In 1986 the concept of the “Great American Bash tour” was created. The 1986 tour featuring thirteen events spanning the east half of the country with Flair defending his belt at each stop. He went through both Road Warriors, both members of the Rock & Roll Express, Ronnie Garvin, Magnum TA, and Wahoo McDaniel before dropping the belt to Rhodes on one of the final stops. Dusty later explained in his autobiography that the Bash tour concept was to mimic a music tour, and even went so far to so have some of his country music buddies like Willie Nelson and David Allen Coe perform mini-concerts at each event.

The 1987 tour followed much of the same format as the previous year but this run introduced another of Stardust’s big concepts: The WarGames.

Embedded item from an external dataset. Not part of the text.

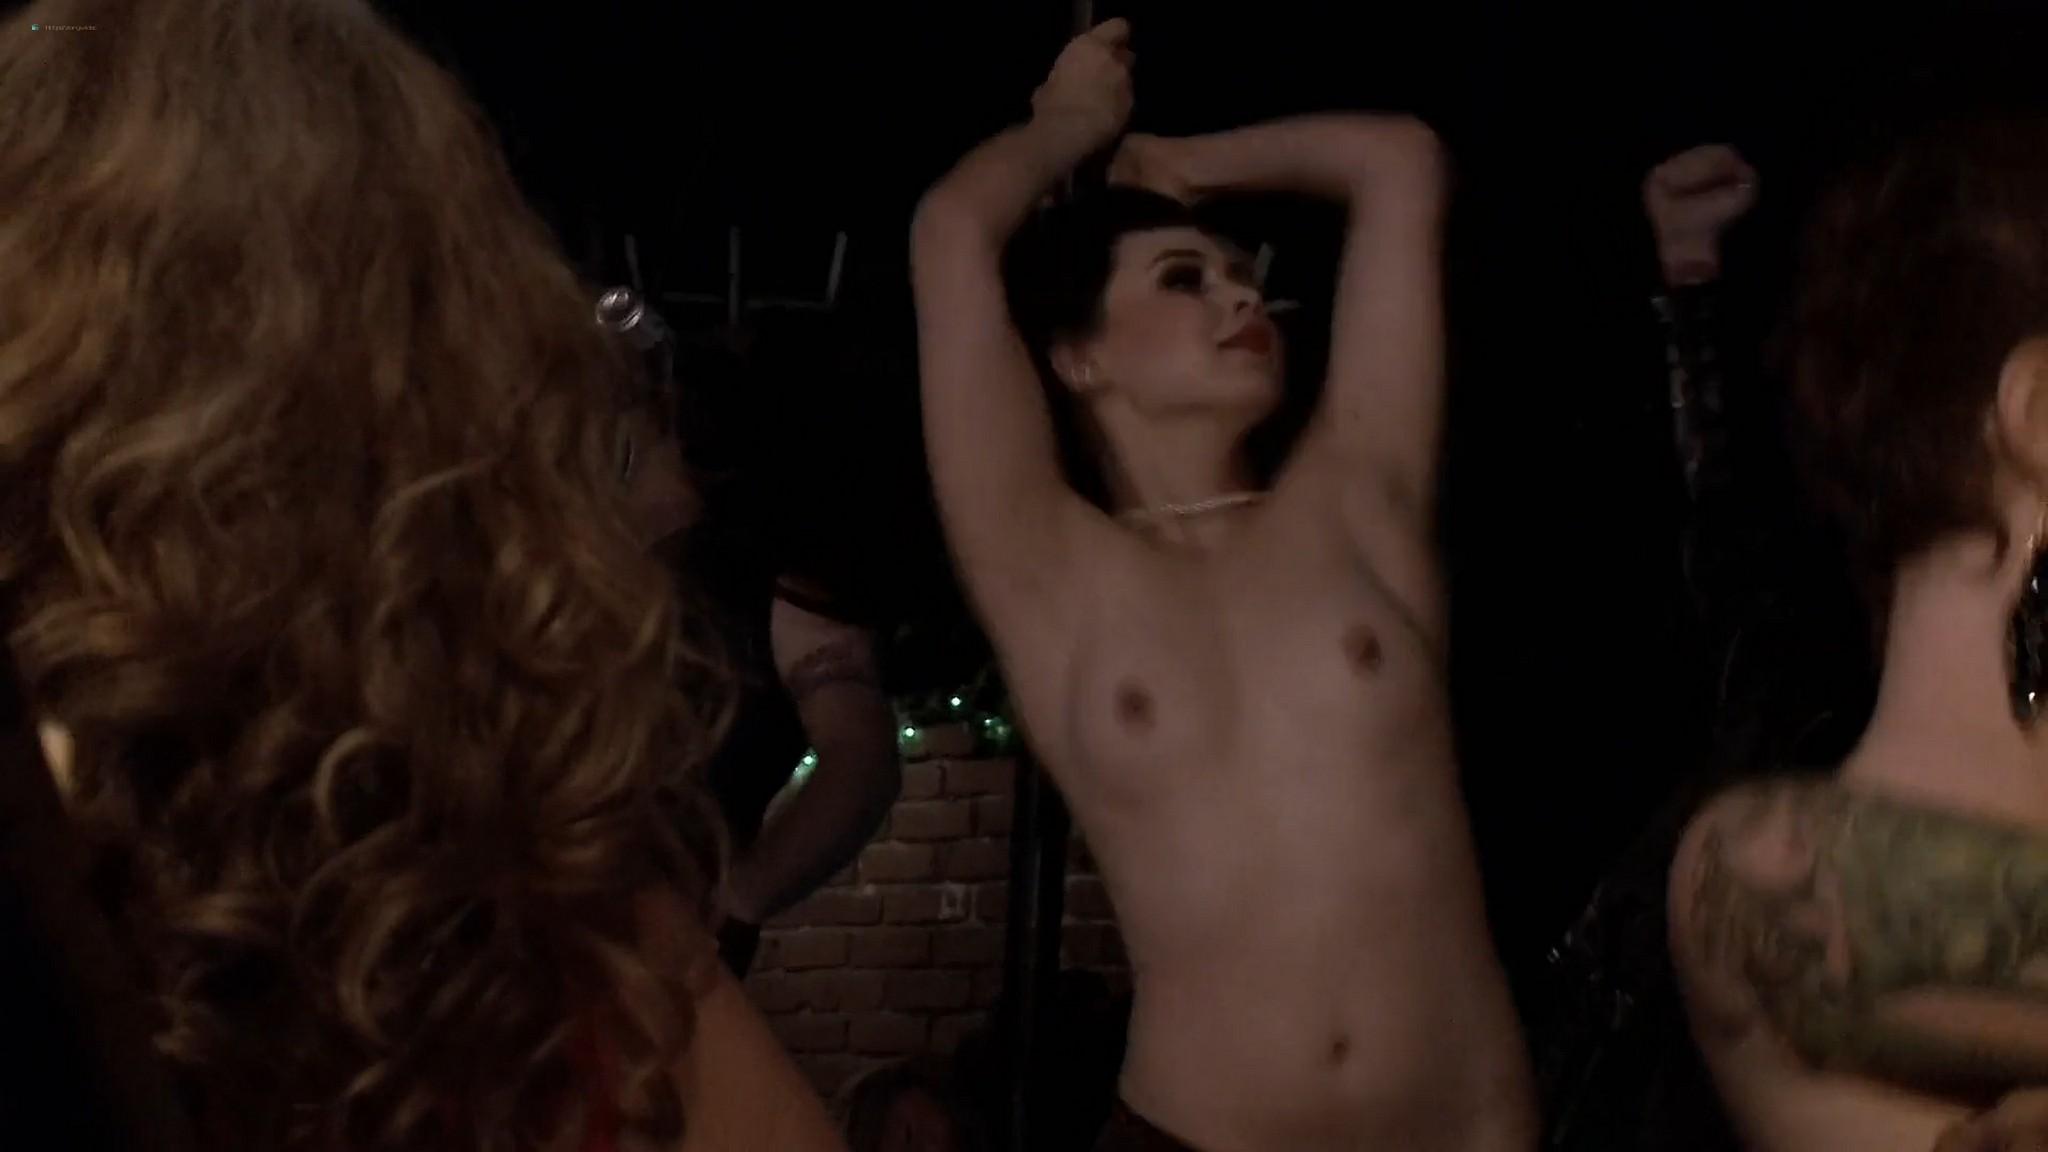 Taylor Cole hot sex Tiffany Shepis Francesca Brandelius naked The Violent Kind 2010 HD 1080p BluRay 009

The original two WarGames matches were featured on this tour with Dusty and his boys, Nikita Koloff, The Road Warriors and Paul Ellering, going over the Four Horsemen at both stops.

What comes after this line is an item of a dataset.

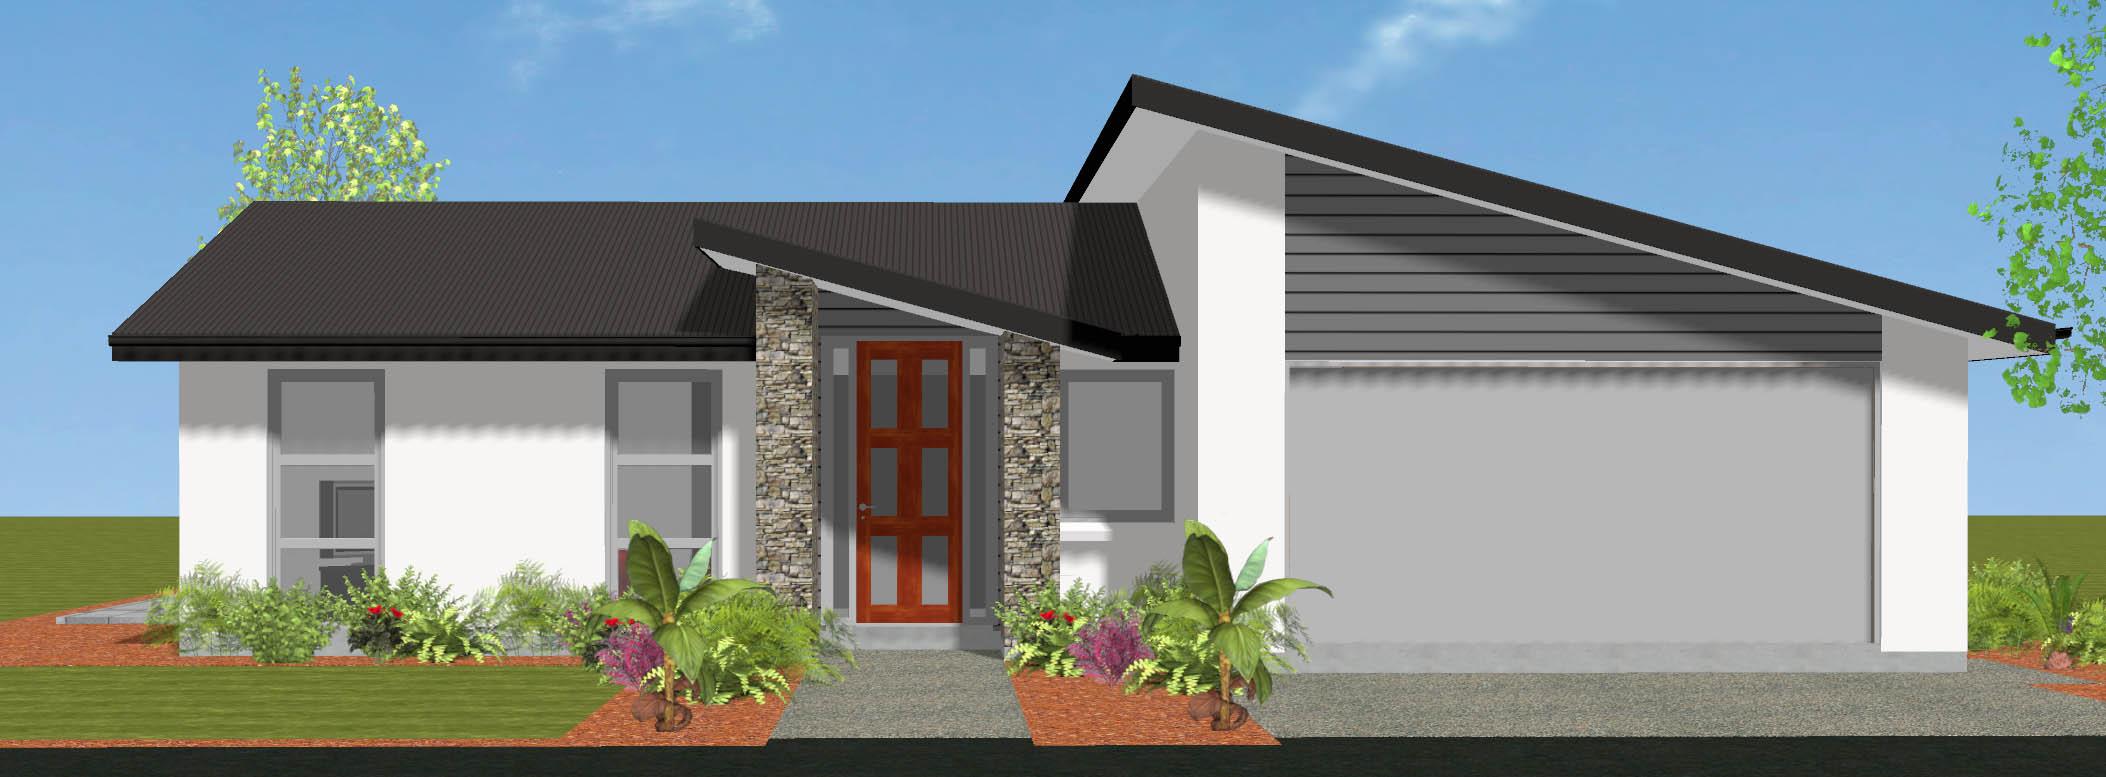 Collingwood new house plan and design wellington kapiti for Home design diamonds

By 1988, the event became a stand alone PPV supercard much like what is seen today. Flair was on top for the next three years of the event, successfully defending the NWA Championship against Luger in ’88, beating Terry Funk in NWA’s glory year of 1989 and dropping the belt to Sting in 1990.

In 1991, the show would reach an all-time low that was maybe only matched by the WWE’s version in 2004. Just weeks before Bash ’91, then WCW head Jim Herd fired Flair, then the reigning, WCW/NWA World Champion. Flair took the now famous “Big Gold Belt” with him, leaving WCW to scramble to find a new main event and a new championship belt. It was decided that Lex Luger and Barry Windham would fight for the vacant WCW Championship, using an old outdated Title belt as the prop. The fans crapped on the show and spent the whole time chanting for Flair. The rest of the matches didn’t do them any favors either, as a terrible scaffold match and bad gimmicks like El Gigante, Oz, Black Blood and Big Josh littered the undercard. This PPV to this day is still considered on of WCW and wrestling in general’s, all-time worst.

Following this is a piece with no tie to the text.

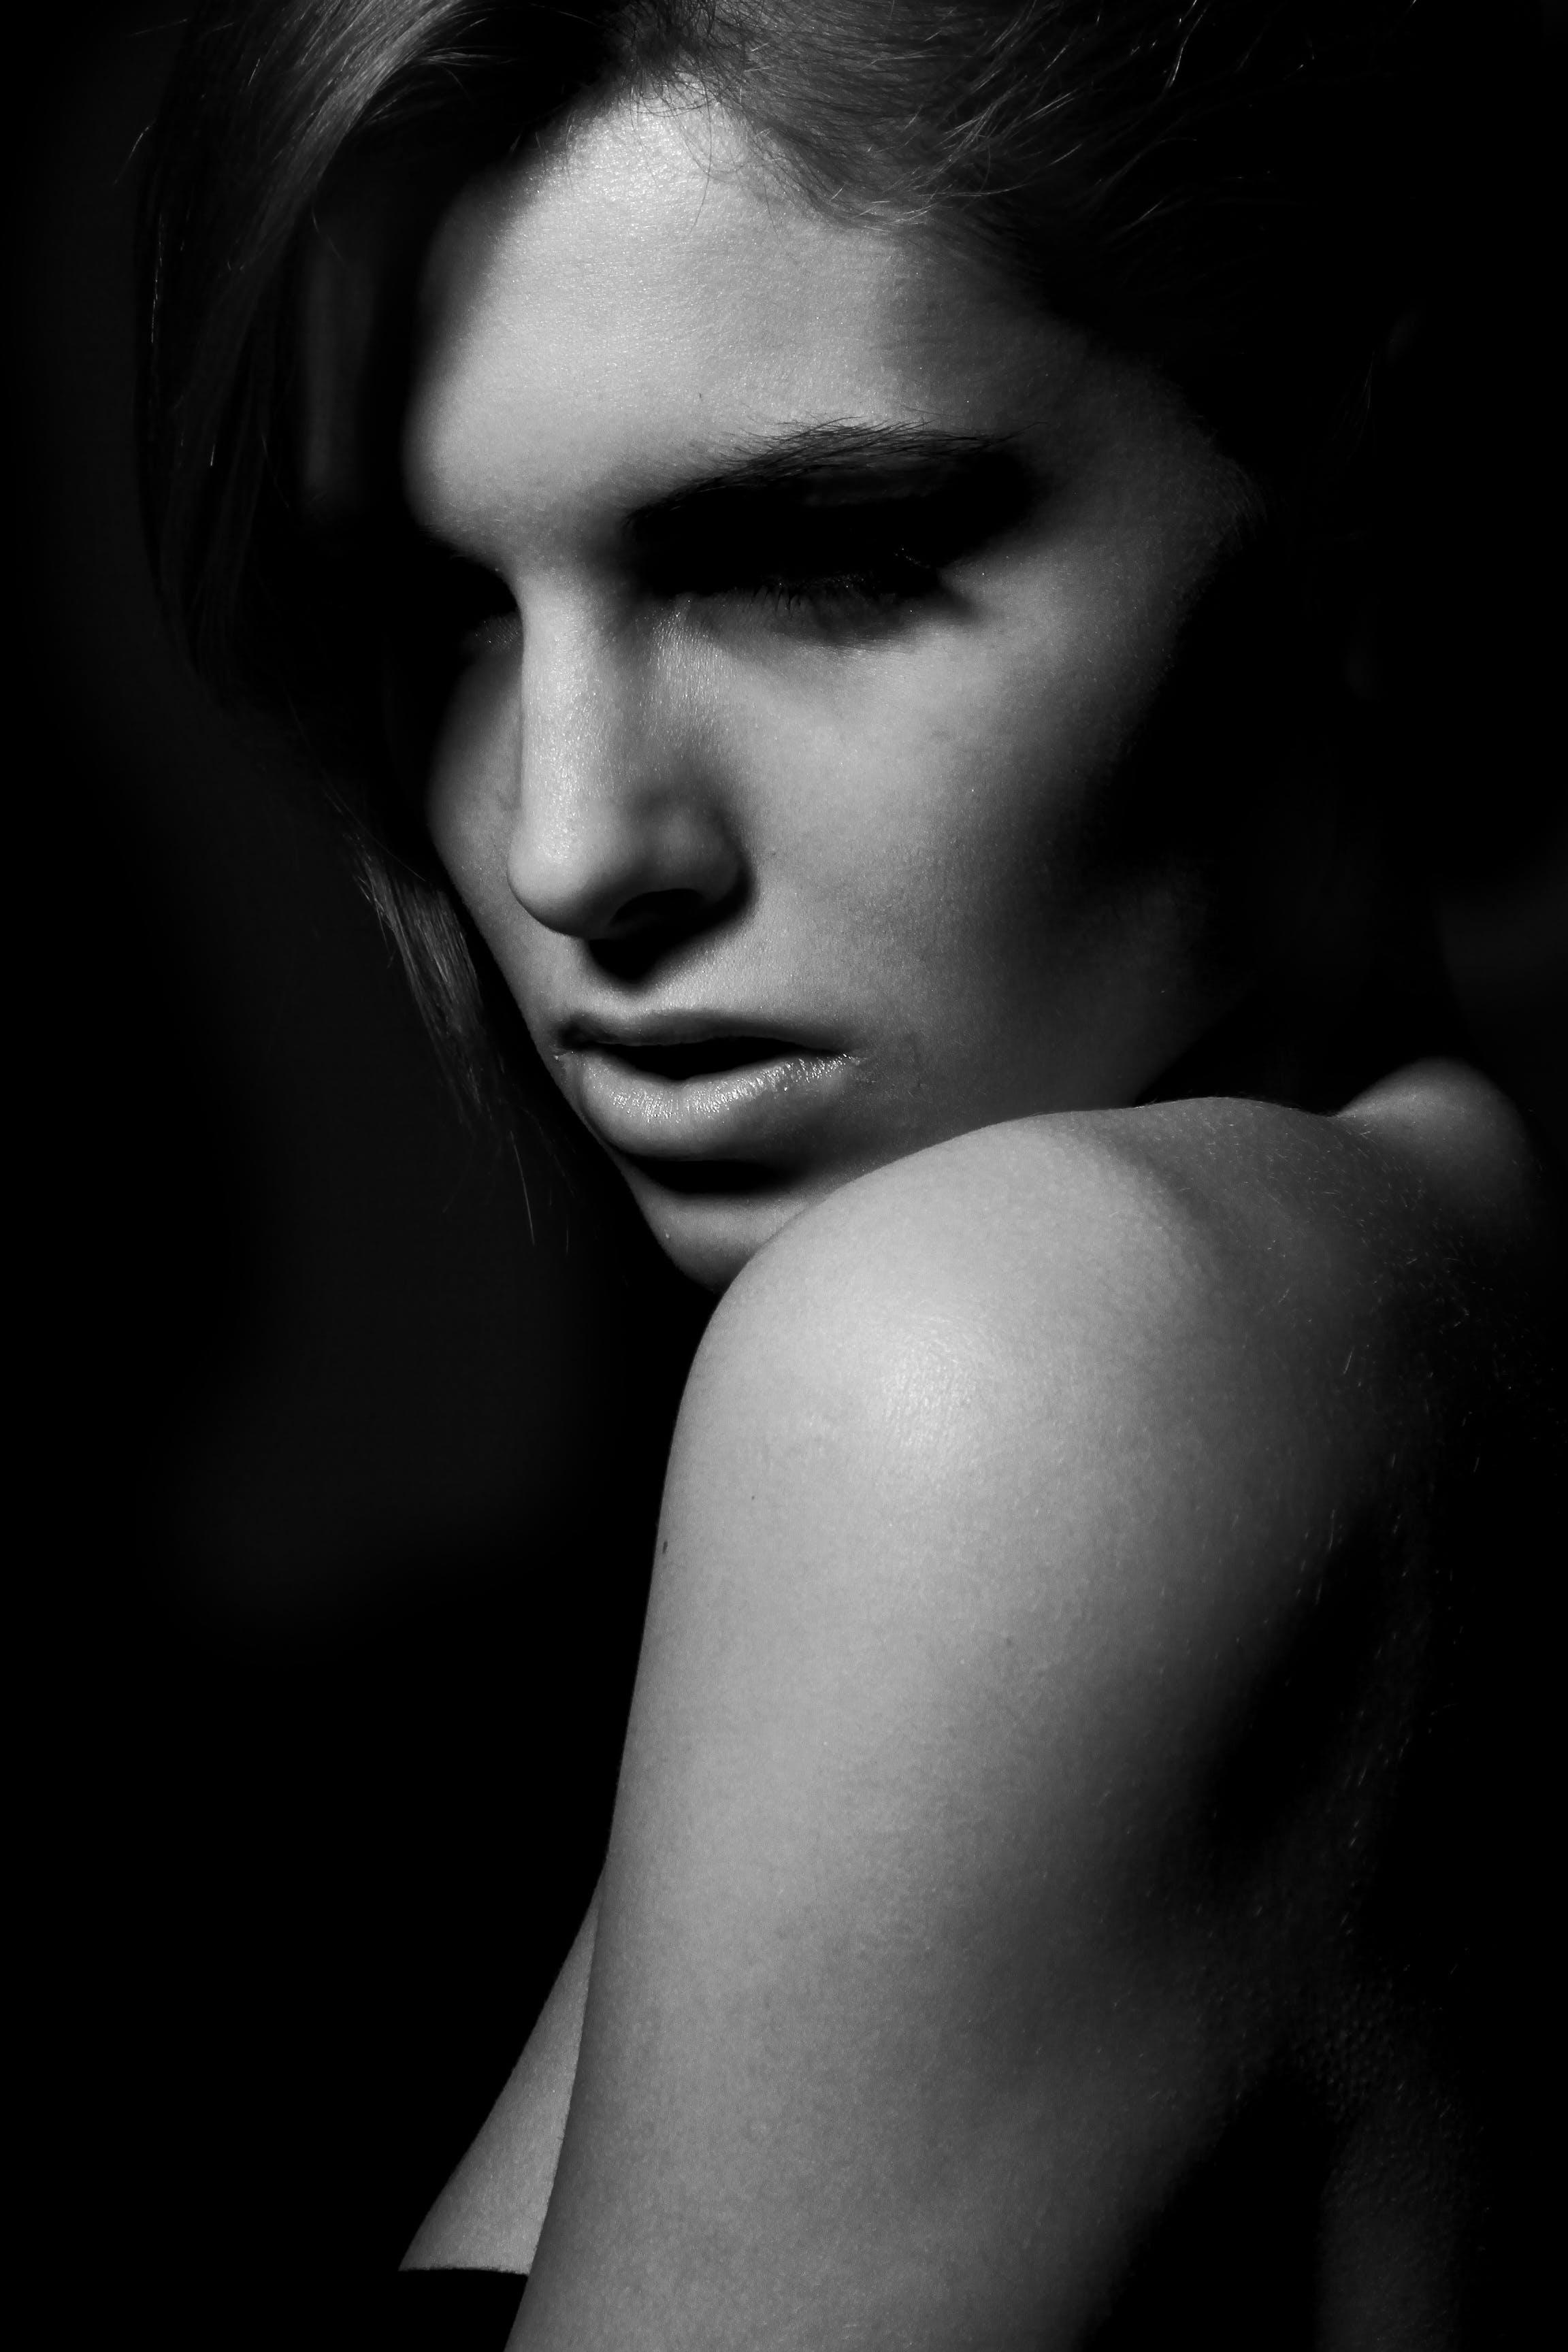 Free stock photo of person, woman, dark, girl

Bill Watts was in charge of WCW during the 1992 Bash and it had a significantly different look and feel. The majority of the card focused on the NWA Tag Title tournament and featured quality matches from legitimate wrestlers like Williams & Gordy, Hashimoto & Hase, Liger & Pillman and an assortment of solid WCW talent like Rude, Steamboat, Koloff, Austin, Windham and Rhodes. The other notable moment was the new prototype for a successful monster heel, Big Van Vader, beating Sting for the WCW World Heavyweight Championship.

The WCW Years
The Bash then lay dormant until 1995. By this point Eric Bischoff was starting his rise to power in WCW and used The Bash as a marquee pay per view event.

The 1995 event was fairly uneventful as Hulk Hogan wasn’t there to defend the belt, rather Ric Flair and Randy Savage headlined the event in a grudge match while Sting and Meng fought for the US Title on the undercard. Oh and The Renegade debuted as well, but the less said about that, the better.

The show would really pick up in 1996 as this was the monumental event where Scott Hall & Kevin Nash showed up, and Nash powerbombed Eric Bischoff off the entrance stage. It also featured the debuts of Kevin Greene & Steve McMichael in a match against Arn Anderson & Ric Flair where McMichael joined the 4 Horsemen. The card also had the now infamous “falls count anywhere” match between Chris Benoit and Kevin Sullivan, and the mainstream American debut of Rey Mysterio, Jr.

By 1997, the WCW-nWo war was in full swing and featured DDP and Randy Savage in part two of their blood feud and Kevin Greene’s return to defeat McMichael in the blowoff to a feud a year in the making. The story was much the same in 1998 as WCW and the nWo were still battling each other and the same guys like Hogan, Savage, Piper, Sting and Giant were still on top.

By 1999, Nash was booking the show and naturally made himself World Champion. I was personally a fan of WCW this summer and this year’s Bash PPV as new acts like The West Texas Rednecks, The Triad, and the first remnants of The Filthy Animals and The Revolution were featured.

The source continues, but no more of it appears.